Part of me, of course, has long worried and hoped that my assessment of Trump as truly the tyrant of Plato’s imagination is melodramatic overkill. I’m given to excitability, even catastrophism. I’ve been wrong before. And there are many ways in which American life still seems the same. Political tribalism didn’t begin with Trump; neither did the appeal of populist authoritarianism, or the celebrification of politics. We still hold elections — even if the president asserts that they are all rigged against him. In November, we have a chance to use the ballot box to save this country, and there are some signs that a wave is building. The courts still have some independence and feistiness; the media is still free, if now accompanied by a full-bore state propaganda channel.

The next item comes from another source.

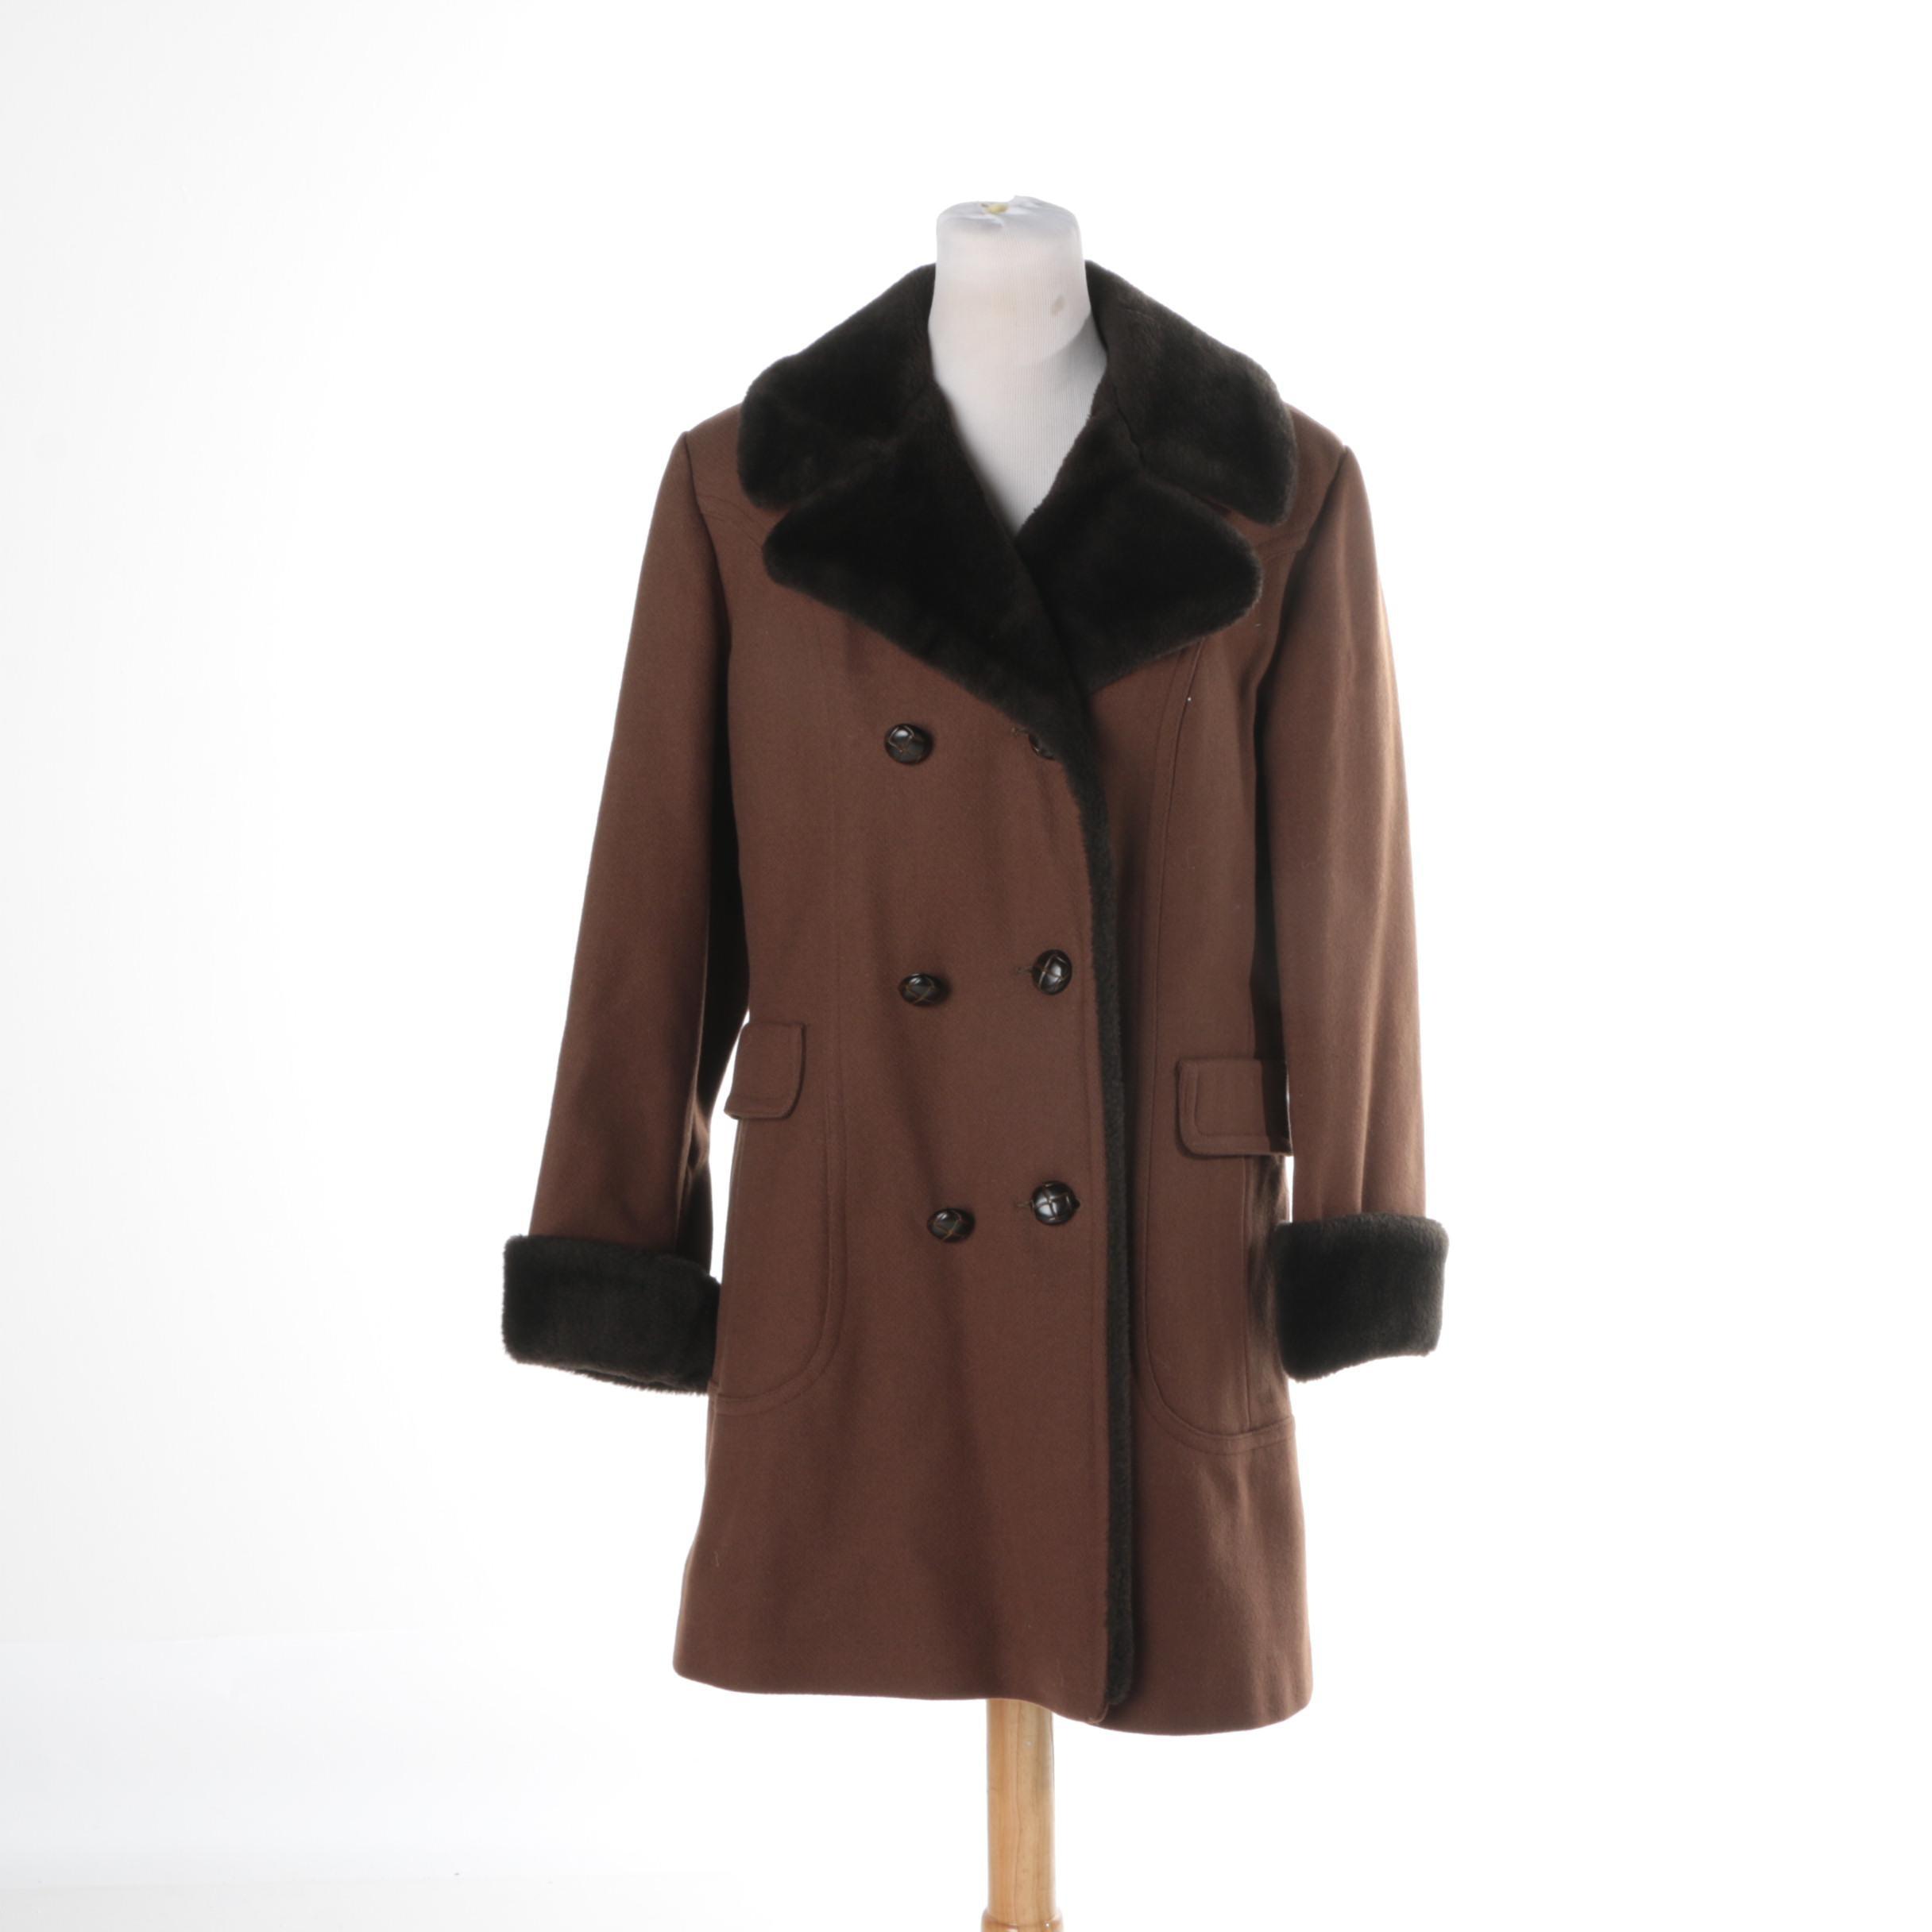 Women's Brown Wool Coat

But I worry that the more Trump is opposed and even cornered — especially if he loses the House this fall — the more dangerous he will become. If Mueller really does have the goods, and if the Democrats storm back into congressional power, then Trump may well lash out to protect himself at all costs. We know he has no concern for the collateral damage his self-advancement has long caused in his private and public life. We know he has contempt for and boundless ignorance of liberal democracy. We know he is capable of anything — of immense cruelty and callousness, of petty revenge and reckless rhetoric, of sudden impulses and a quick temper. We also know he is commander-in-chief, who may soon need the greatest distraction of all.
War is coming. And there will be nothing and no one to stop him.